Problem details |
Begin at the line containing "This beautiful Mid-Century" and copy exactly through the last line of the listing, skipping every picture.

Data provided |
>>>
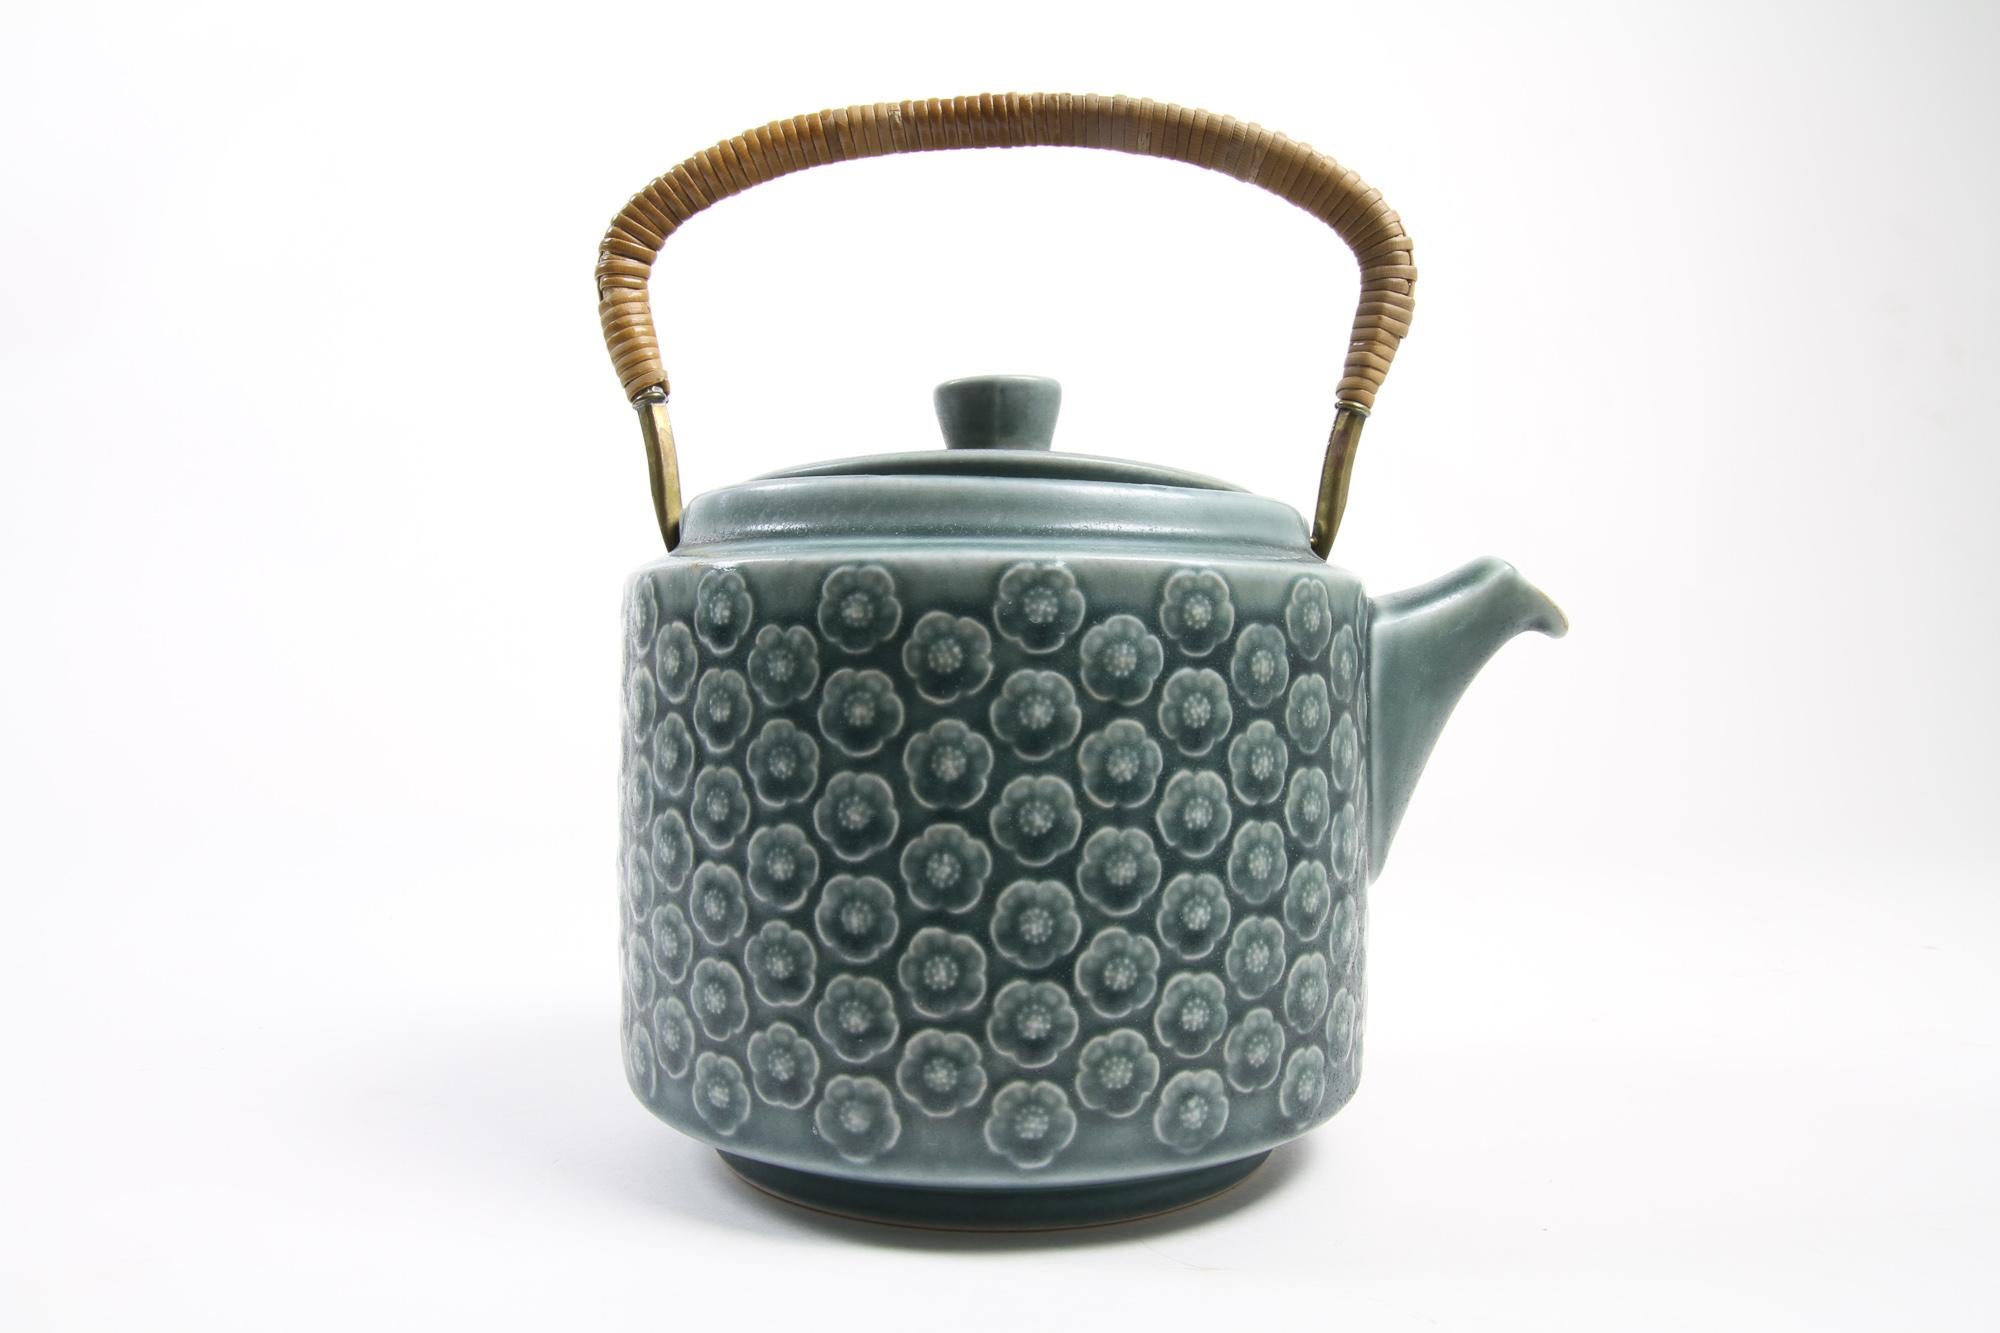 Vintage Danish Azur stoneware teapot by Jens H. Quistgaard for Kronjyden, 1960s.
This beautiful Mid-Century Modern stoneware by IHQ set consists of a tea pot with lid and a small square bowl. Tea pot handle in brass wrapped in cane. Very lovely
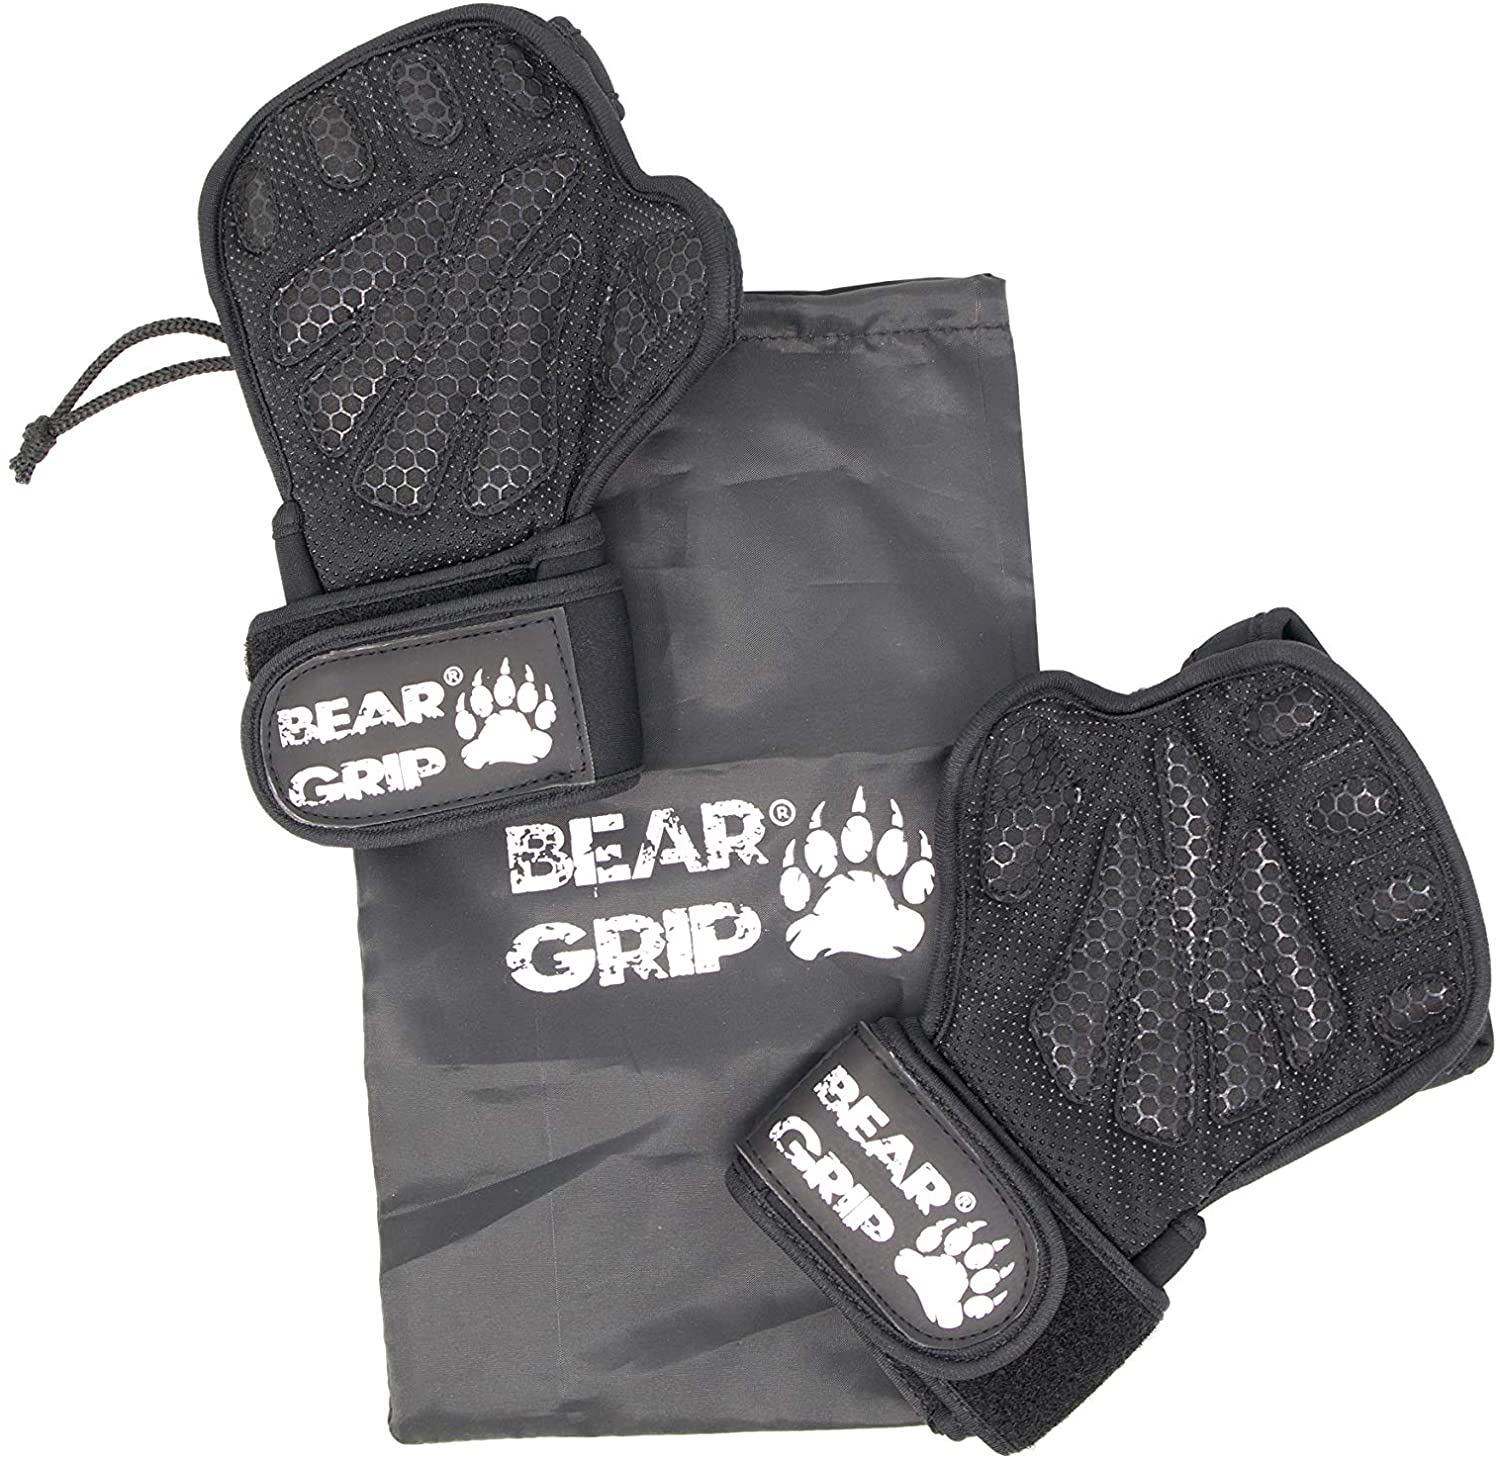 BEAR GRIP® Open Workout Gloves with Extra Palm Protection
<<<
Output for this exercise |
This beautiful Mid-Century Modern stoneware by IHQ set consists of a tea pot with lid and a small square bowl. Tea pot handle in brass wrapped in cane. Very lovely
 BEAR GRIP® Open Workout Gloves with Extra Palm Protection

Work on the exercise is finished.